The year 2002 could be considered a watershed in the area of promoting the states’ need for financial resources in promoting their developmental requirements. In July 2002, while the government was setting up the Twelfth Finance Commission (2005–10) the then Minister of Finance announced that in future the Planning Commission will be playing more or less a role of collaborator to the Finance Commission. In the same announcement, the government made one member of the Planning Commission, a member of the Finance Commission too (a symbol of physical and ideological connection between the two bodies).97 It was as if the government had accepted the suggestions of the Fourth Finance Commission to a great extent. Though the critics took it as an infringement of a constitutional body by a non- constitutional one, the government clarified by calling it a symbol for promoting the contemporary needs of the economy and fiscal federalism.

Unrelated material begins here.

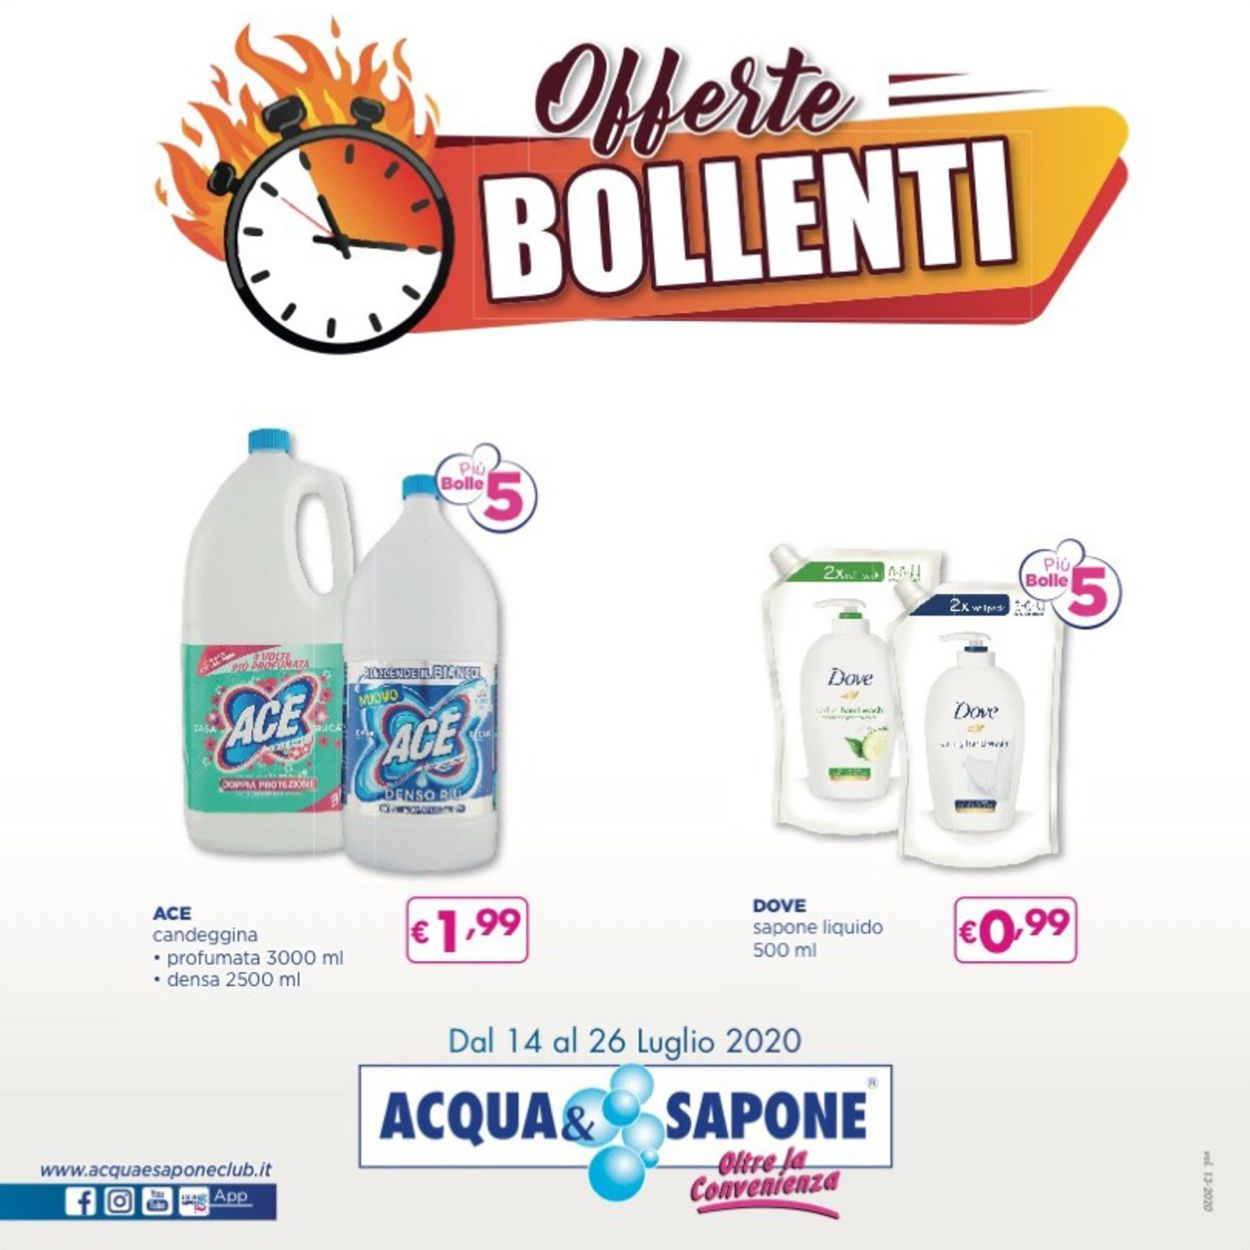 Volantino Acqua & Sapone - Offerte 14/07-26/07/2020
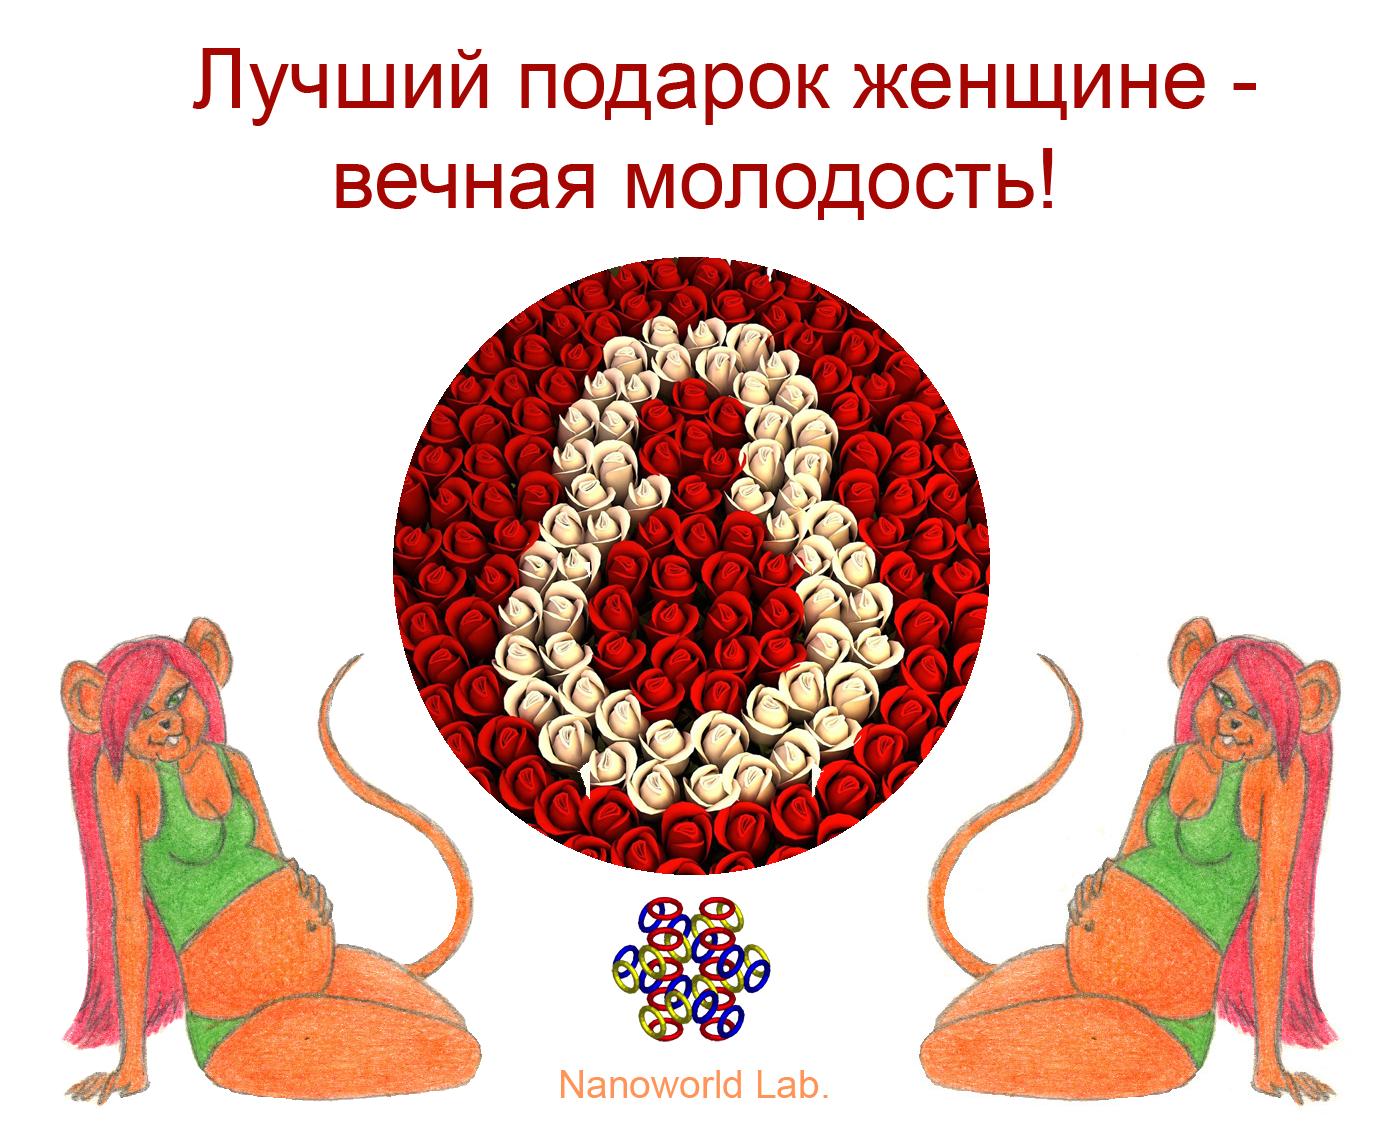 http://img-fotki.yandex.ru/get/6200/126580004.49/0_b6b05_171832ad_orig.png

Another milestone was created in the enactment of the Fiscal Responsibility and Budget Management (FRBM) Act in 2003, which empowers the state governments to go for market borrowings to fulfil their plan expenditure without prior permission from the Central Government (provided they have enacted their respective Fiscal Responsibility Acts).98 This has boosted the participatory planning in the country by guaranteeing greater autonomous plan participation from the states.
If we look at the tax reforms process, we see a general tendency of enabling the states to collect more and more taxes, the Value Added Tax (VAT) being a glaring example by which almost all states have been able to increase their gross tax revenue receipts. The cause will be served more once the economy goes for the proposed enactment of the Goods and Services Tax (GST).
In January 2015, the NITI Aayog replaced the Planning Commission, thus
the comparison between the latter and the Finance Commission no more exits, but it will always have its academic importance in the area of development planning in the country. Such experiences of the past will function as a directives for the policy makers in the future.
Meanwhile, the new body, the NITI, is totally different in its approach towards fund allocations to the states to promote the cause of development planning. Basically, the states now sit in the NITI itself, in a very strong position. The NITI has been termed by the Central Government as the ‘bestfriend of states in the Centre’.